───── Task data ─────

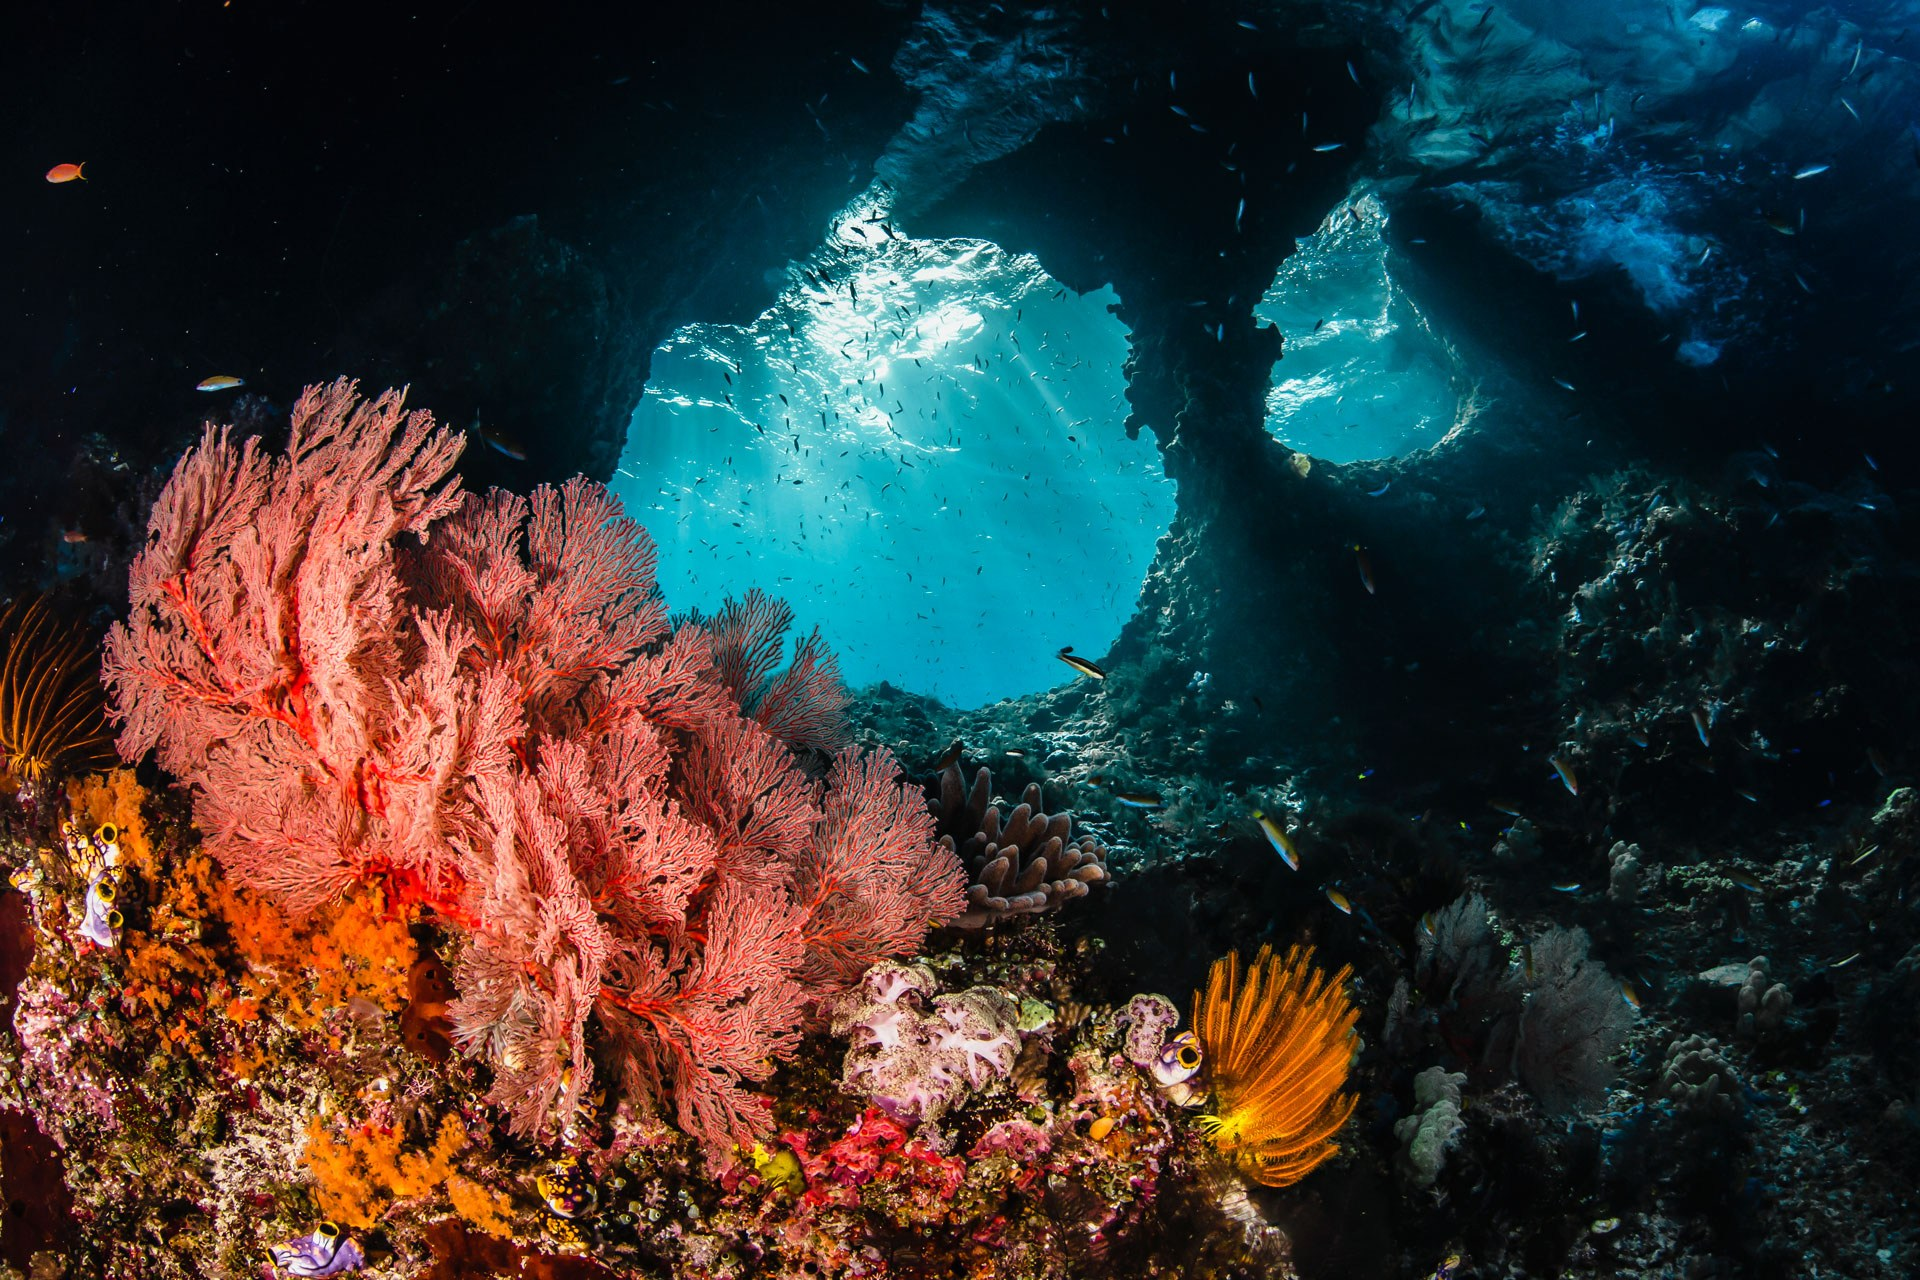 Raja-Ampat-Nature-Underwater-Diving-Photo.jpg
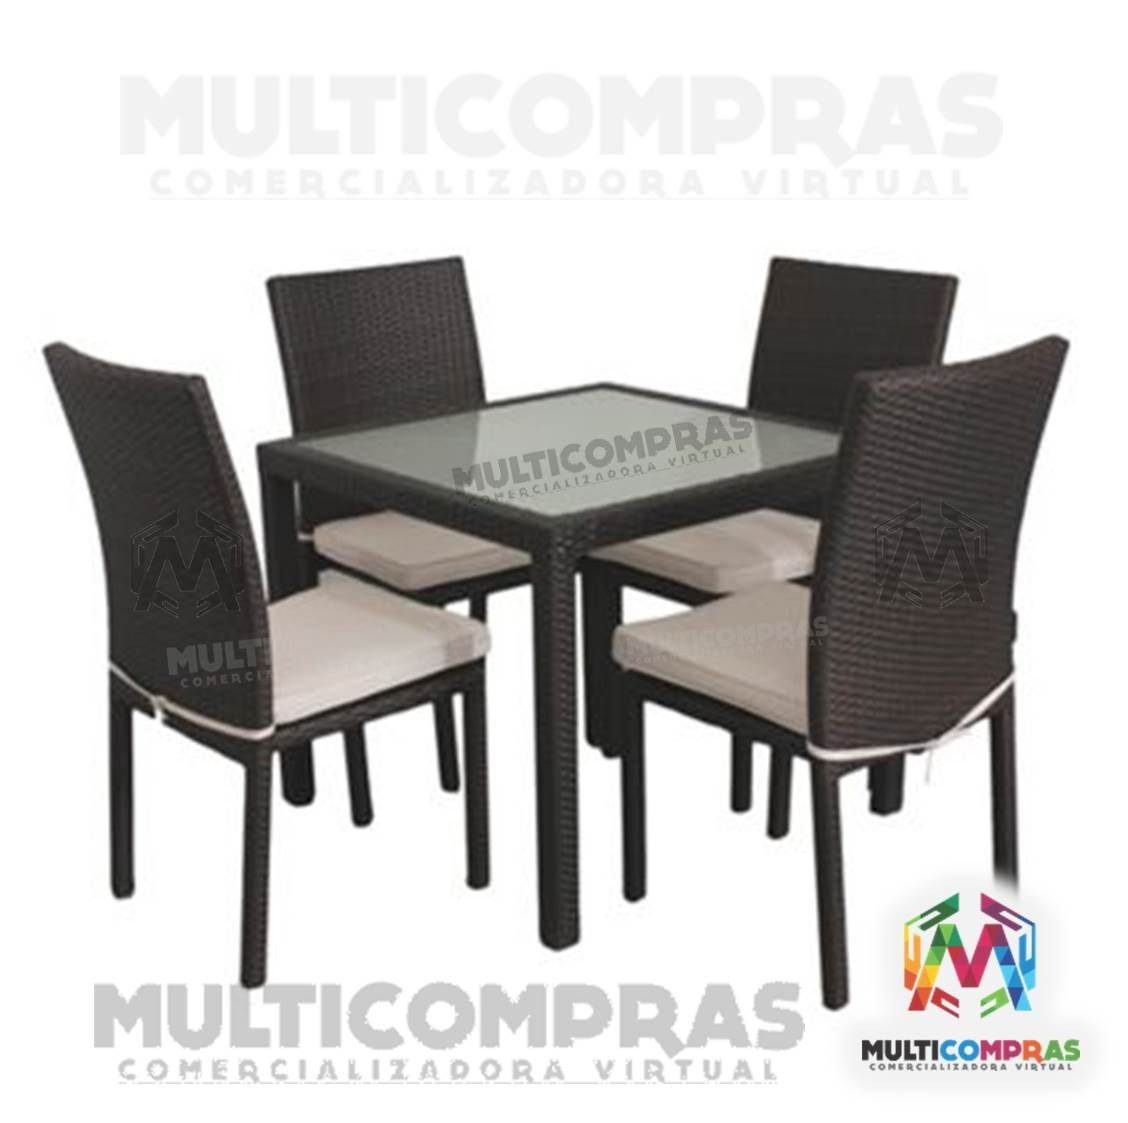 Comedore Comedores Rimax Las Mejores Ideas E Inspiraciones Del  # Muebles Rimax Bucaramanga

─────
───── Task data ─────

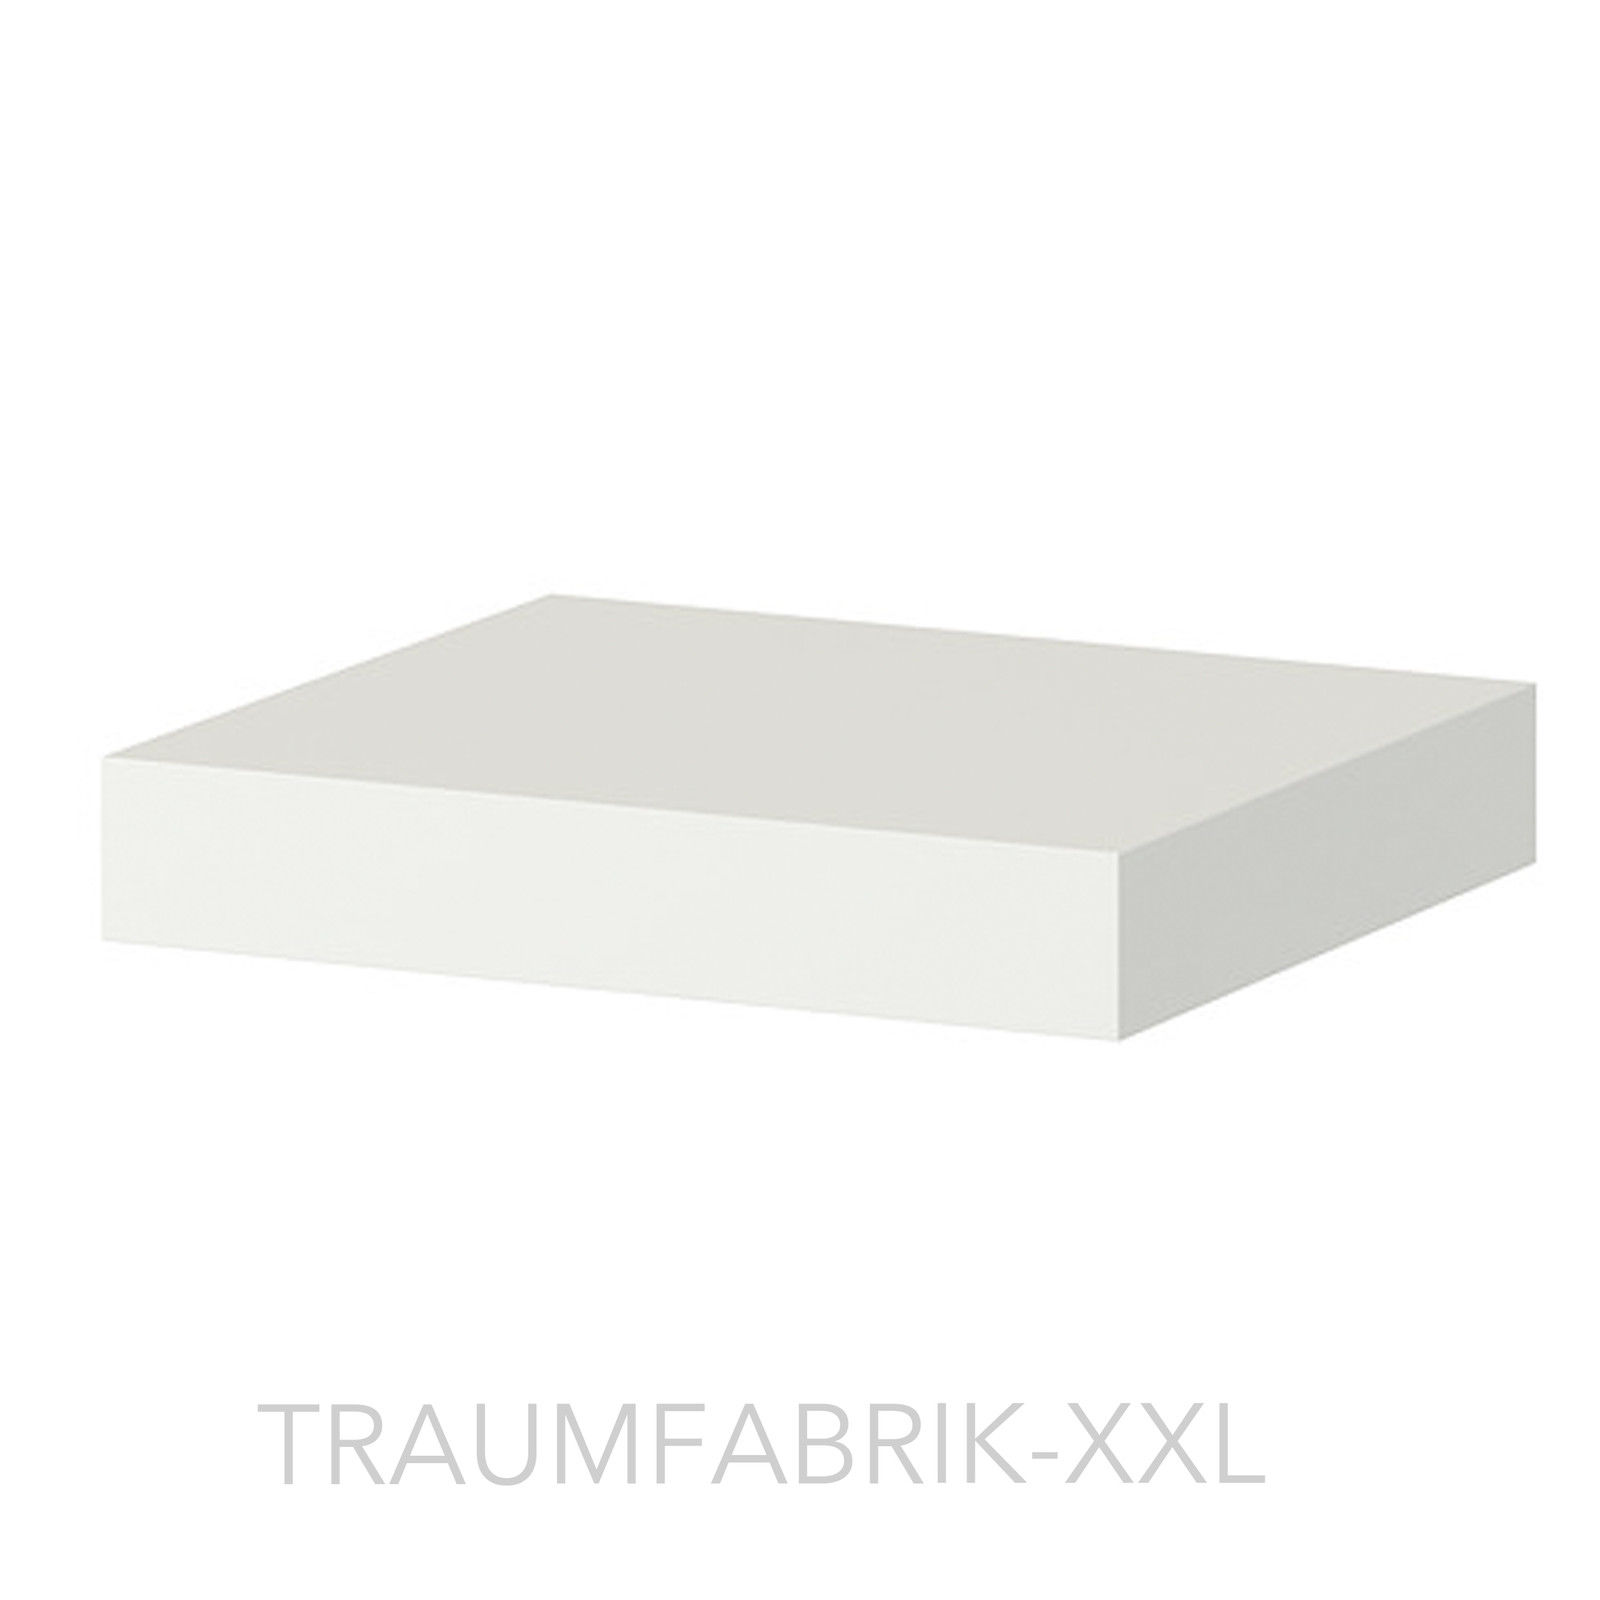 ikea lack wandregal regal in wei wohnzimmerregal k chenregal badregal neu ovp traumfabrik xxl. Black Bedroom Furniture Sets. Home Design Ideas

─────
───── Task data ─────

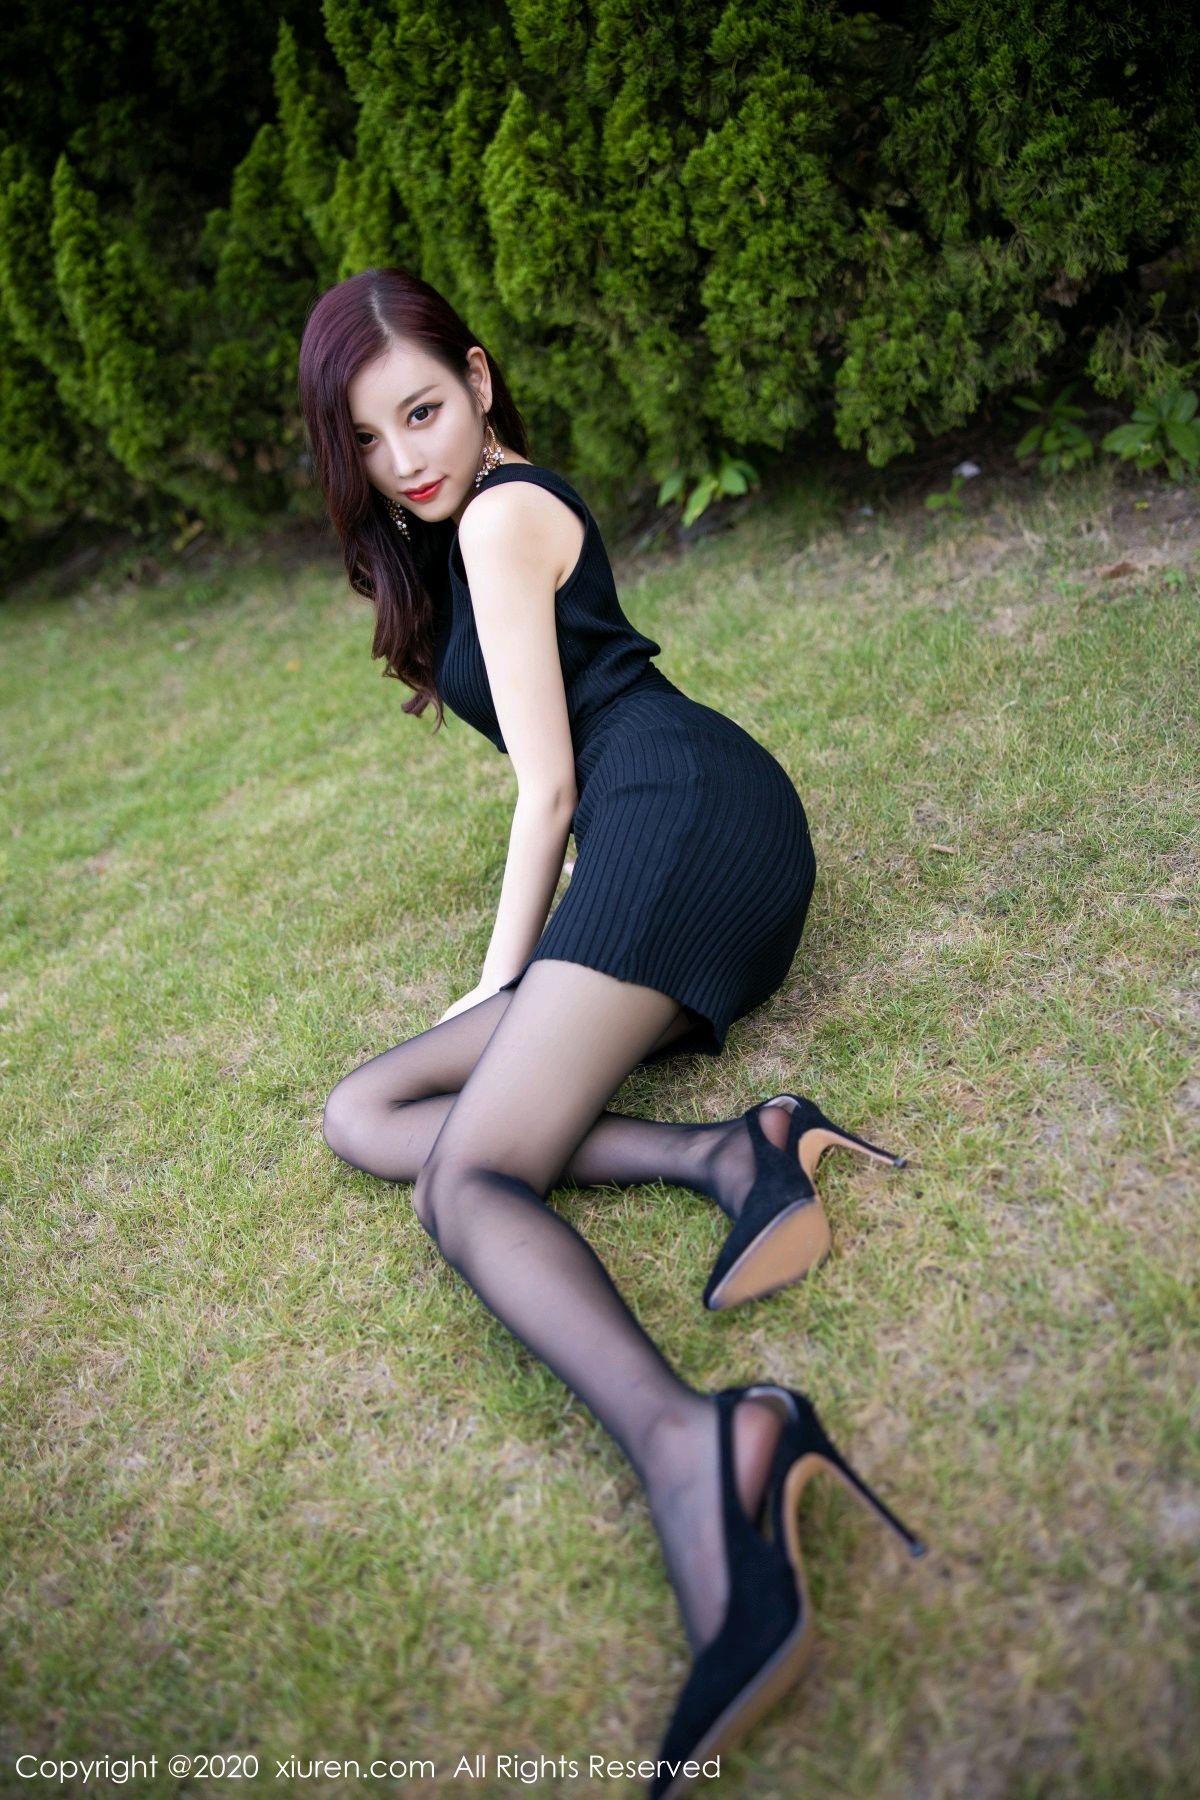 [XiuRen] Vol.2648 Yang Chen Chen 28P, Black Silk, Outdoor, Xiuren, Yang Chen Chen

─────

Problem »
What do the entries above read from the line containing "Raja-Ampat-Nature-Underwater-Diving-Photo.jpg" through the line containing "Comedore Comedores Rimax"? Output those lines exactly, both ends included, with the pictures left out.

The answer »
 Raja-Ampat-Nature-Underwater-Diving-Photo.jpg
 Comedore Comedores Rimax Las Mejores Ideas E Inspiraciones Del  # Muebles Rimax Bucaramanga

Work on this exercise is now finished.